> **What to produce**
Answer with the exact lines of the following material from the one containing "freddo weekend - METEO, primo" through the one containing "Originline Shade Cloth", both end lines included.

> **Data excerpts**
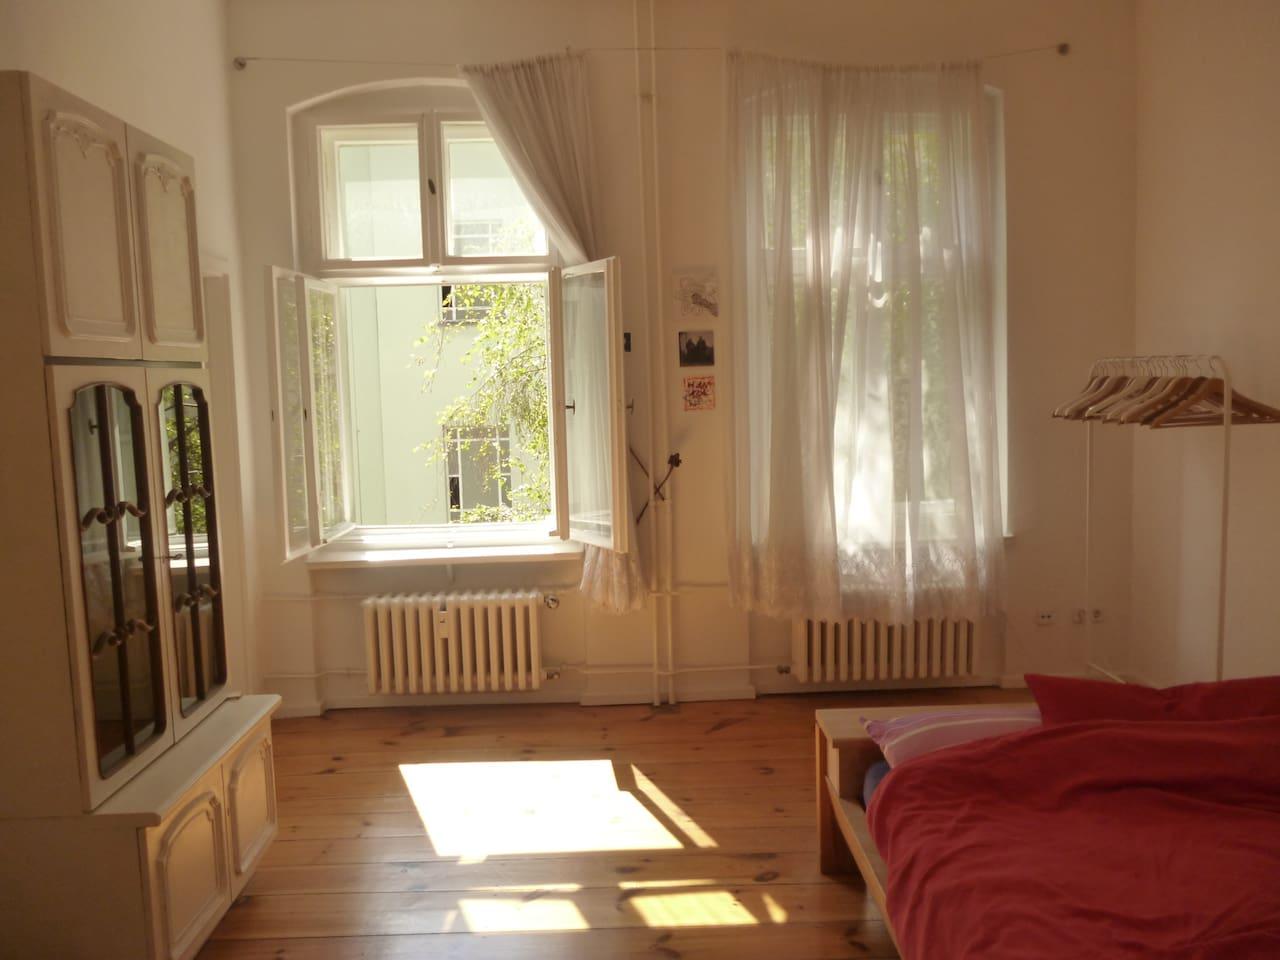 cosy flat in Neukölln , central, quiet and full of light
==
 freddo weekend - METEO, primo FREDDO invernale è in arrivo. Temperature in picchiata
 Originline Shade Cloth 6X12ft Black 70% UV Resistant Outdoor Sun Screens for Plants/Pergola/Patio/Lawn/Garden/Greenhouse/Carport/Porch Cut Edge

> **Completed task**
 freddo weekend - METEO, primo FREDDO invernale è in arrivo. Temperature in picchiata
 Originline Shade Cloth 6X12ft Black 70% UV Resistant Outdoor Sun Screens for Plants/Pergola/Patio/Lawn/Garden/Greenhouse/Carport/Porch Cut Edge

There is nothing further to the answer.